The appellee in this case has never alleged, either in this court or in the trial court, that the delay in filing the transcript and/or transmitting the record was unreasonable or inexcusable. Indeed, he has never alleged that the delay was caused by any action or inaction on the part of the state. Consequently, he has asserted no valid ground for dismissal of the appeal. In any event, the appellee’s failure to obtain a ruling on its motion to dismiss while the matter was still within the jurisdiction of the trial court precludes appellate review of the issue. “Pursuant to now applicable [Court of Appeals] Rule 47, the trial court [is] relieved of its jurisdiction to consider objections to records or transcripts when there [is] no ruling upon such objection prior to transmittal of the record.” Turner v. Taylor, 179 Ga. App. 574 (1) (a), 575 (346 SE2d 920) (1986).
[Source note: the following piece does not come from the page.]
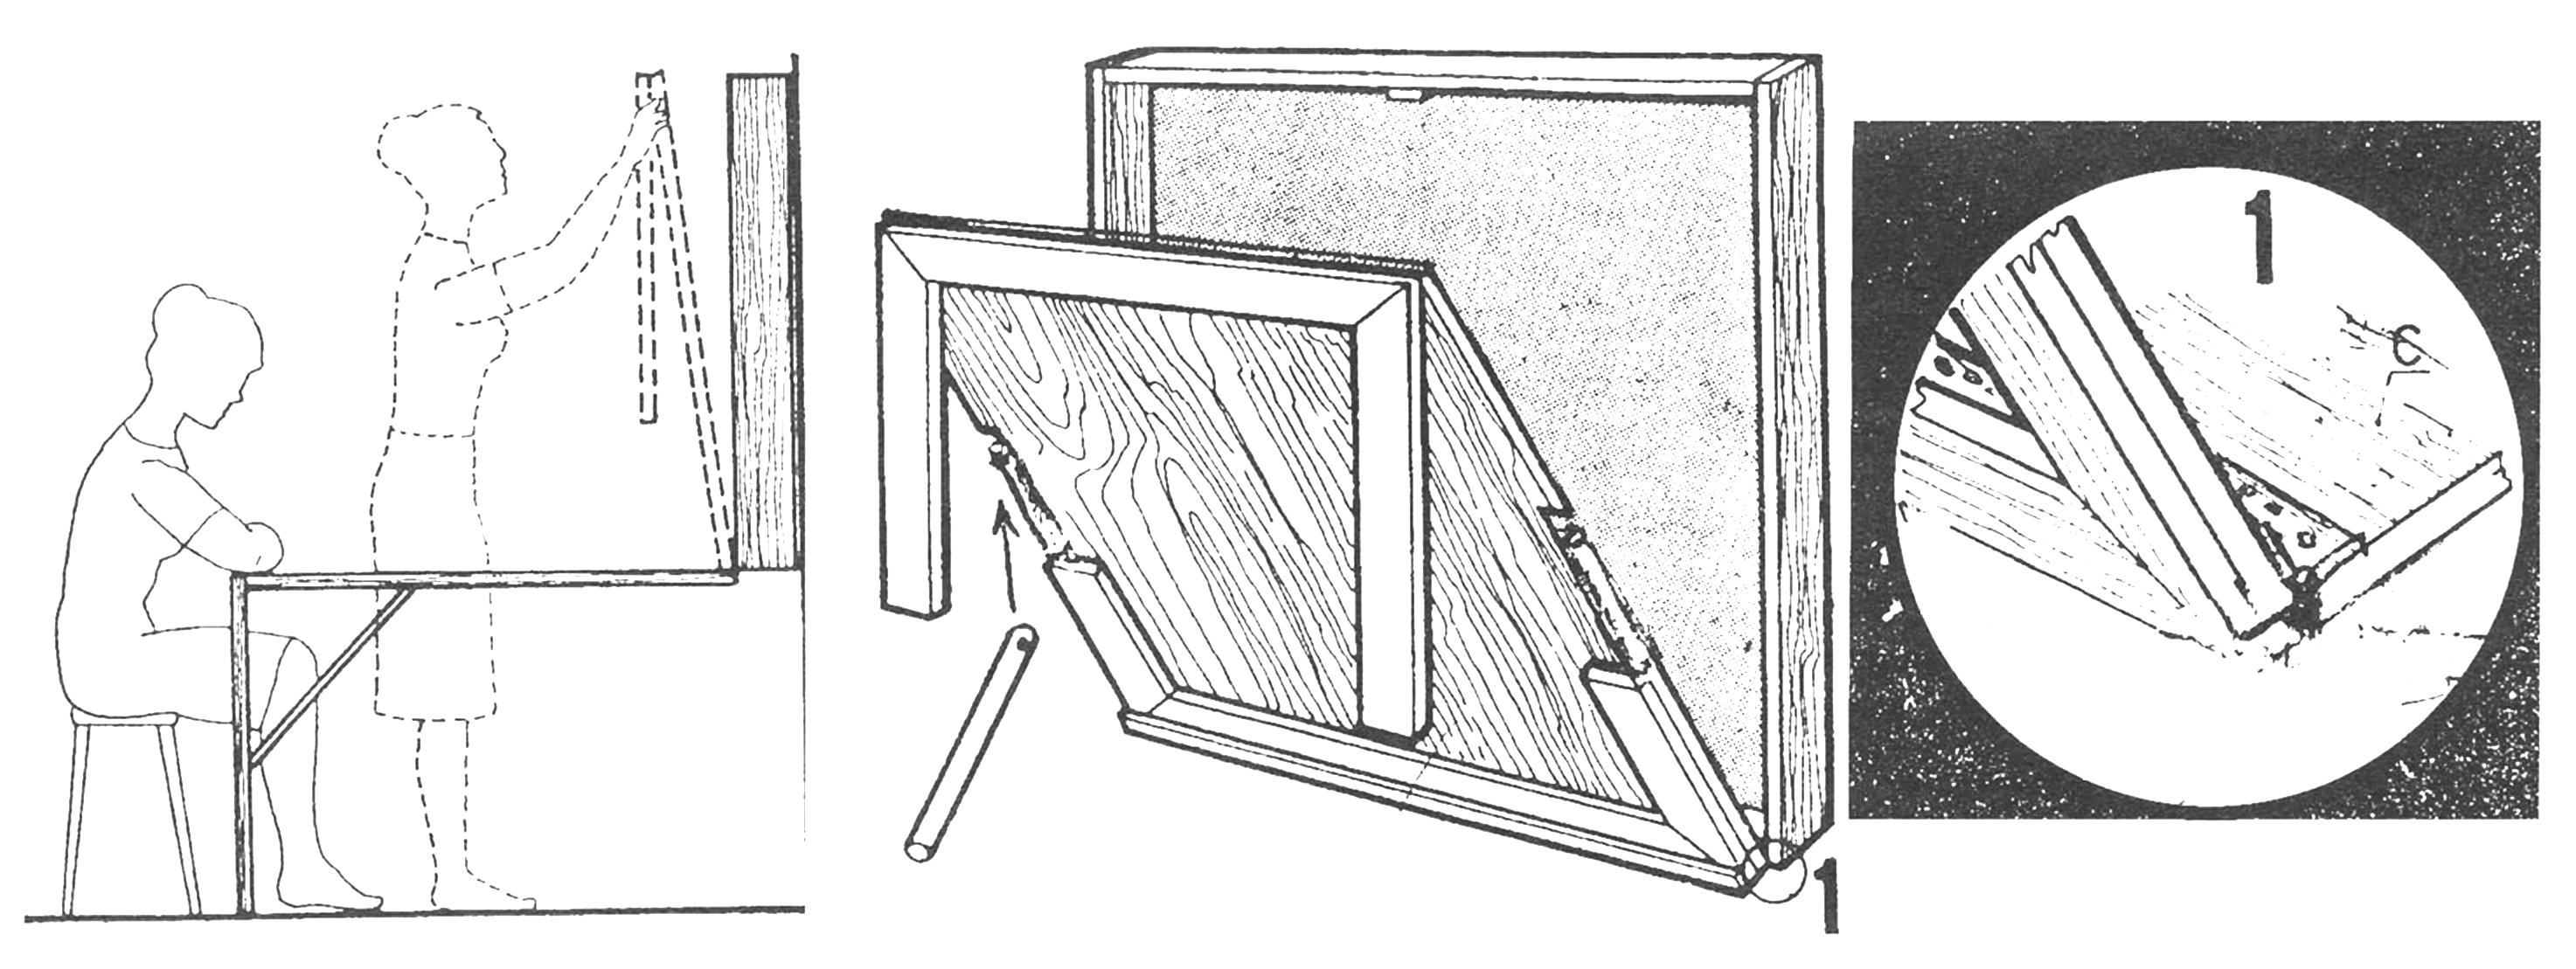 Рис. 1. Складывающийся стол-картинка

2. “Some selective enforcement is not in itself a constitutional violation. See Oyer v. Boles [368 U. S. 448, 456 (82 SC 501, 7 LE2d 446) (1962)]. To be a constitutional violation, the selective enforcement must represent an intentional and purposeful discrimination based upon some unjustifiable standard such as race, religion, or other arbitrary classification. Snowden v. Hughes, 321 U. S. 1, 8 (64 SC 397, 88 LE 497) (1943); Oyler v. Boles, supra, p. 456.” Sabel v. State, 250 Ga. 640, 643 (300 SE2d 663) (1983). Accord Lee v. State, 177 Ga. App. 698, 700 (340 SE2d 658) (1986). “The burden [is] on [the defendant] to prove a selective prosecution by showing (1) that others generally are not prosecuted for the same misconduct, and (2) the decision to prosecute [him] was based upon impermissible *261grounds such as race, religion or exercise of constitutional rights.” Gayton v. State, 184 Ga. App. 387, 388 (361 SE2d 691) (1987). Accord Carver v. State, 185 Ga. App. 436 (3) (364 SE2d 877) (1987).

Decided September 6, 1988. James L. Webb, Solicitor, E. Duane Cooper, Assistant Solicitor, for appellant. Franklin N. Biggins, for appellee.

Although the appellee established without dispute that no other bondsmen had been prosecuted in connection with the use of the “burnout” system, no evidence was introduced tending to show that the decision to prosecute him was based upon invidious discrimination or upon a desire to punish him for the exercise of his legal rights. Thus, while the appellee may have established an uncontroverted defense to the solicitation charge by showing that it was the official policy of the jail to allow bondsmen to solicit business from newly admitted inmates (see generally OCGA § 16-3-25; McDonald v. State, 156 Ga. App. 143 (4) (273 SE2d 881) (1980)), no basis was shown for dismissal of the charge on grounds of selective prosecution.

Judgment reversed.

Birdsong, C. J., and Beasley, J., concur.